Advantages of Leveraged Stock Trading
- Leveraged trading enhances your initial capital
- Increase your profit potential but beware of associated risks
- Increases your exposure to the markets on particular positions
- Allows you to fully capitalise on market investments
- Leverage also allows traders to offset capital losses from other trading positions
- Using leverage effectively can be pivotal as part of a balanced, well managed trade portfolio
The Trading Platform Is Paramount
One of the most important aspects of trading stocks is the trading platform that you use. We feature several of the most powerful, innovative and robust trading platforms on the market. Among these are 2 Metatrader variants – MT4 and MT5, and a proprietary Options trading platform.
You will be able to make use of multiple trading graphs, management functions and other features to enhance your overall trading experience. Plus, you will be able to see your stock portfolio alongside your indices, forex, and commodities portfolio.
We regularly update our traders with the latest news, educational resources and market commentary to keep you well informed about the hottest trends, movements and news from the world of stock trading.
Find a Successful Stock Trading Formula before you begin to trade. Know the risks and potential positive outcomes prior to entering a Stock trading position. The use of limit and stop orders as well as leverage have a substantial role to play.
Now that you know how to trade stocks online at Friedberg Direct, register today to open an account and get started.
How to Trade Stocks FAQs
Do I need to diversify when trading stocks?
The notion of diversification or spreading your money across a number of market sectors or asset classes, is a concept that applies to investing for the long-term. When you are trading stocks, as opposed to investing in them, you are looking to make a profit from the short-term movement of the stock. In this case diversification won’t, necessarily, benefit you, and in some cases, it could even harm your results. If you are looking to profit from the movement in stocks often times it is stocks within the same sector that are making the best moves, which means you may want to concentrate your trading rather than diversify.
How can I find the best opportunities when trading stocks?
There are always good opportunities in the markets and you don’t have to find the best to make a profit. The very best way to locate stock trading opportunities is to become intimately familiar with the market.
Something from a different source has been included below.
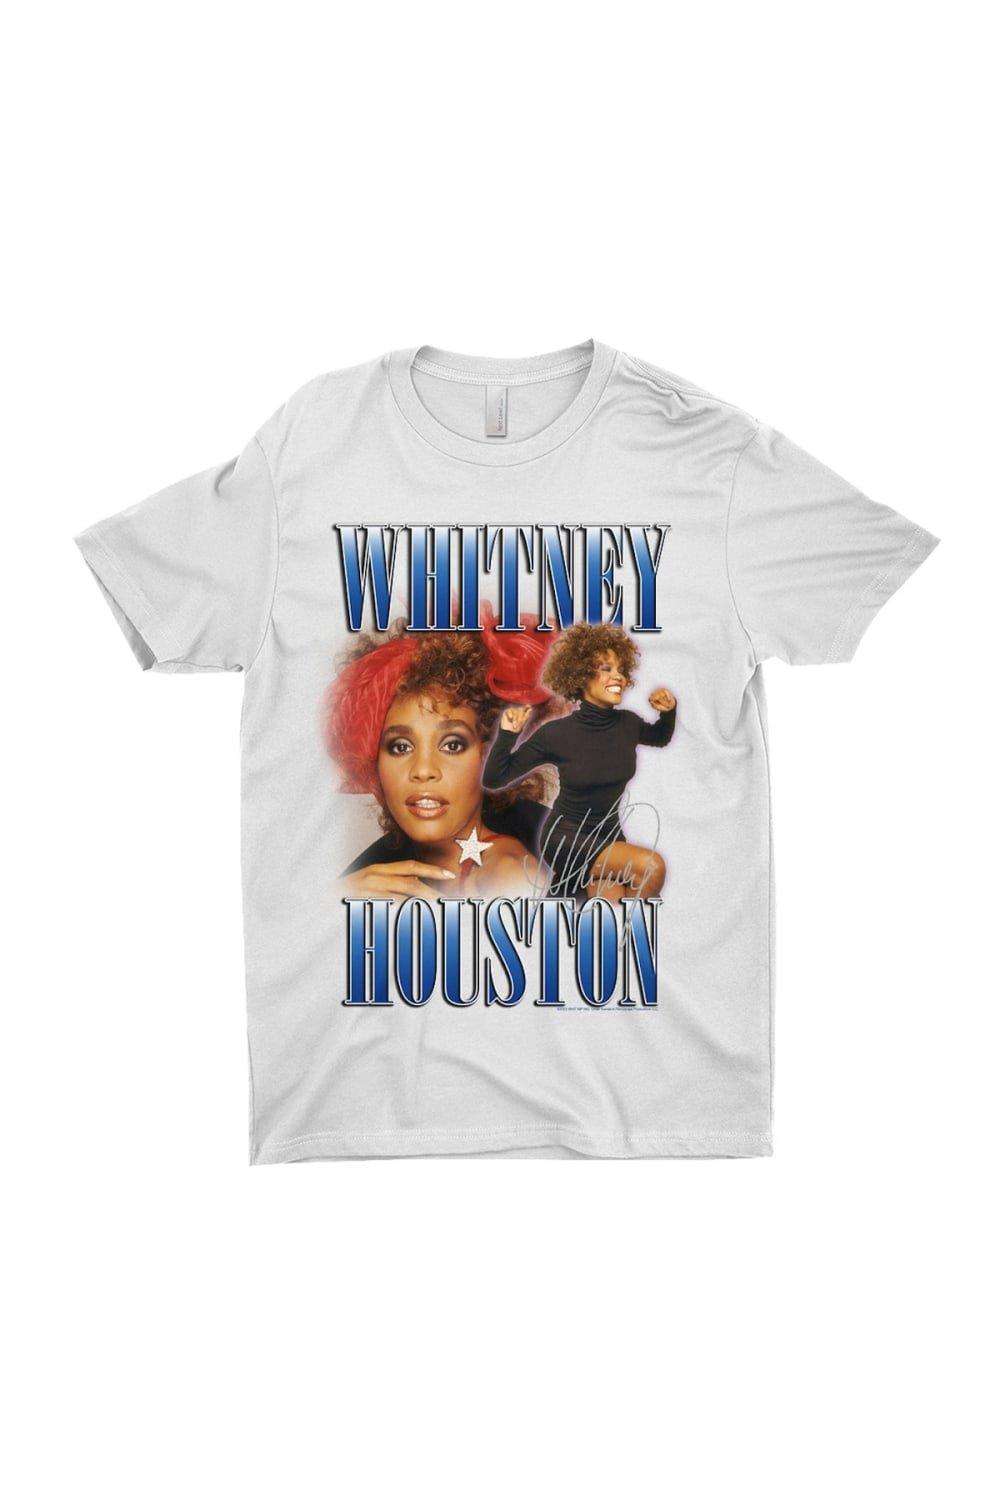 Хлопковая футболка в стиле 90-х годов Whitney Houston, белый 3x5 футов флаг hellas полиэстер печатная фотография для гоночного декора

The easiest way to do this is to begin with a single sector, like technology or the financial stocks. When you are constantly monitoring the behaviour of a stock or a set of stocks you will begin to notice patterns in the prices that you can take advantage of. Start by creating a small list of 10-20 stocks that you follow on a regular basis and work your way up from there.
How will I know when to sell my stocks?
You should have a plan for every trade you make. That means knowing why you want to buy or short the stock, where is a good area to place your buy/sell order, and knowing, as much as possible, what will help determine how much the stock might move before you sell. You should already know when to sell before you buy the stock. That means when to sell for a profit, or when to cut your losses. That takes all the emotion out of the trade because your trading decisions won’t be dictated by fear or greed.
These FAQs, comments/analysis do not take into consideration your individual personal circumstances and trading objectives. Therefore, they should not be considered as a personal recommendation or investment advice. They are intended for educational purposes only. Past performance is not indicative of future results. There is no guarantee that the contents or instructions will result in profits or not result in losses.